Поражение Японии в войне для Синтаро и матери началось с возвращения отца. До этого они считали, правда без всяких оснований, что смогут и дальше прожить на отцовское жалованье. Действительно, пока отец не вернулся, им, как семье фронтовика, выплачивалось пособие, и они привыкли, что каждый месяц неизвестно откуда получают определенную сумму – так продолжалось и после войны. Но теперь это кончилось; шли дни, и они начали понимать, что ошиблись и возлагать какие-либо надежды на отца бессмысленно.
Целые дни он проводил в саду.

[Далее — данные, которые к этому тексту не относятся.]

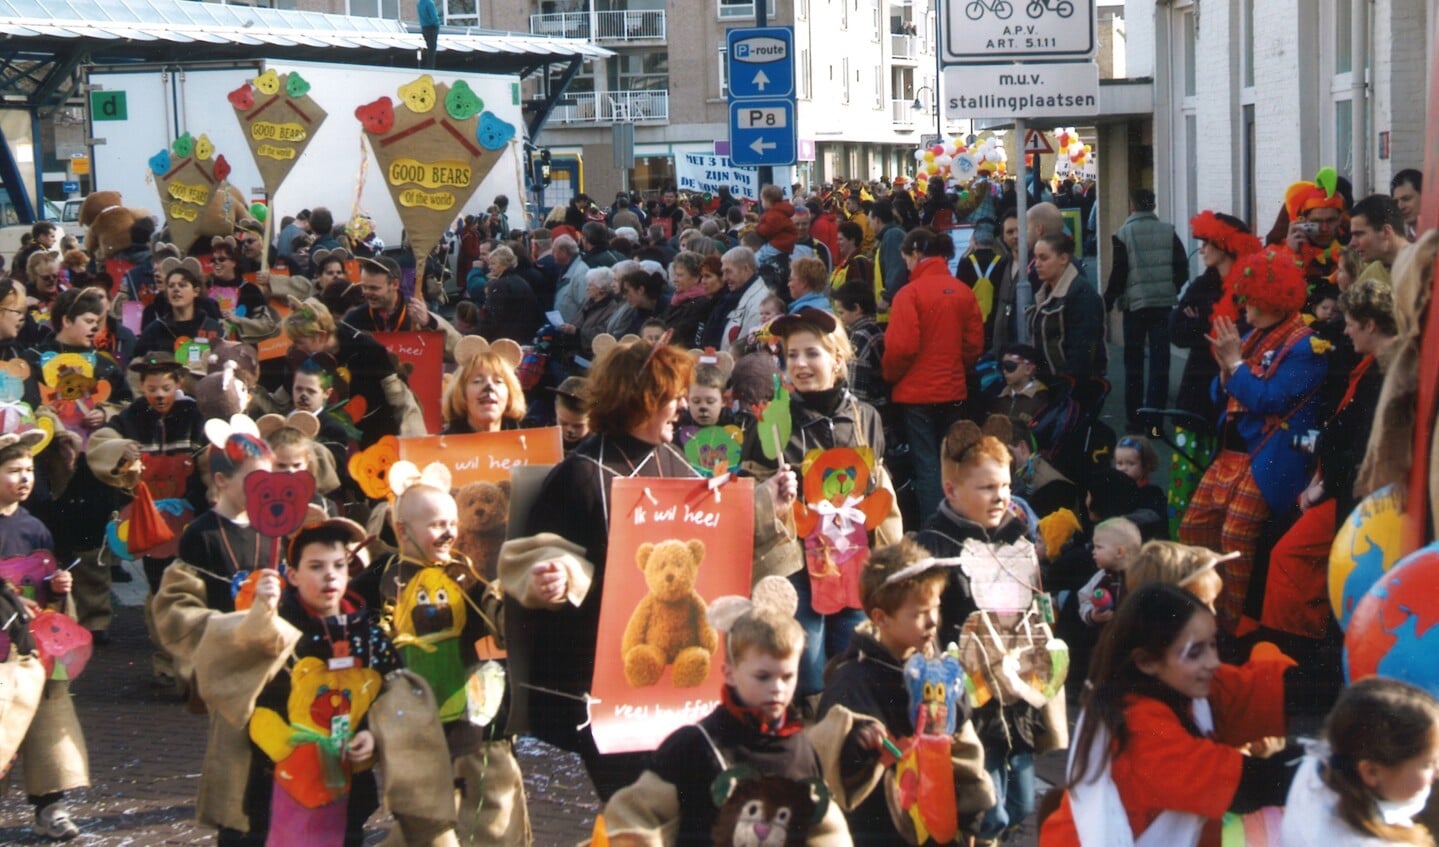 Samen met vele ouders actief tijdens de kindercarnavalsoptocht in Veghel, waarmee vele prijzen zijn gewonnen.

Домой заходил только поесть и сразу снова, чуть ли не бегом, спешил в сад, а возвращался, когда становилось совсем темно; что он там делал – неизвестно. Даже в дождь он куда-то уходил, и их единственный плащ быстро истрепался.
– Отец, чем ты собираешься заняться? – спрашивала иногда мать. Но ответа так и не дождалась.
Синтаро делал переводы для модных журналов, но гонорара за эту работу, которую он делал, лежа дома, хватало лишь на то, чтобы купить выдававшиеся по талонам продукты; никаких других доходов у них не было.
За три-четыре месяца все, что было ценного в доме, они продали и проели, а отец по-прежнему весь день с утра до вечера проводил в саду, перекапывал газон, превращал его в игрушечное, величиной с клумбу, поле, с которого, видно, надеялся собирать урожаи. Их общие трапезы были по-прежнему тягостными. Отец теперь уже безо всякого стеснения, по нескольку раз протягивал свою миску, и тогда мать изобрела такой способ – точно горничная в дешевом пансионе, когда имеет дело с постояльцем, который не платит по счетам: с преувеличенной вежливостью совала ему под нос еду, чтобы он взял добавку, и сразу убирала поднос назад. А Синтаро повел себя по-другому: чтобы в доме съедалось меньше еды, он пытался показать пример «экономии риса». Но его демонстрация никакого влияния не оказывала – отец, игнорируя их уловки, начал есть еще больше и продолжал без устали работать на своем поле, а это было главной причиной его безудержного аппетита. Настал день, когда мать заявила:
– Рис у нас кончился. Батат тоже. Сегодня будем есть вот что. – И поставила на стол миску с вареной бататовой ботвой, плавающей в какой-то черной жидкости.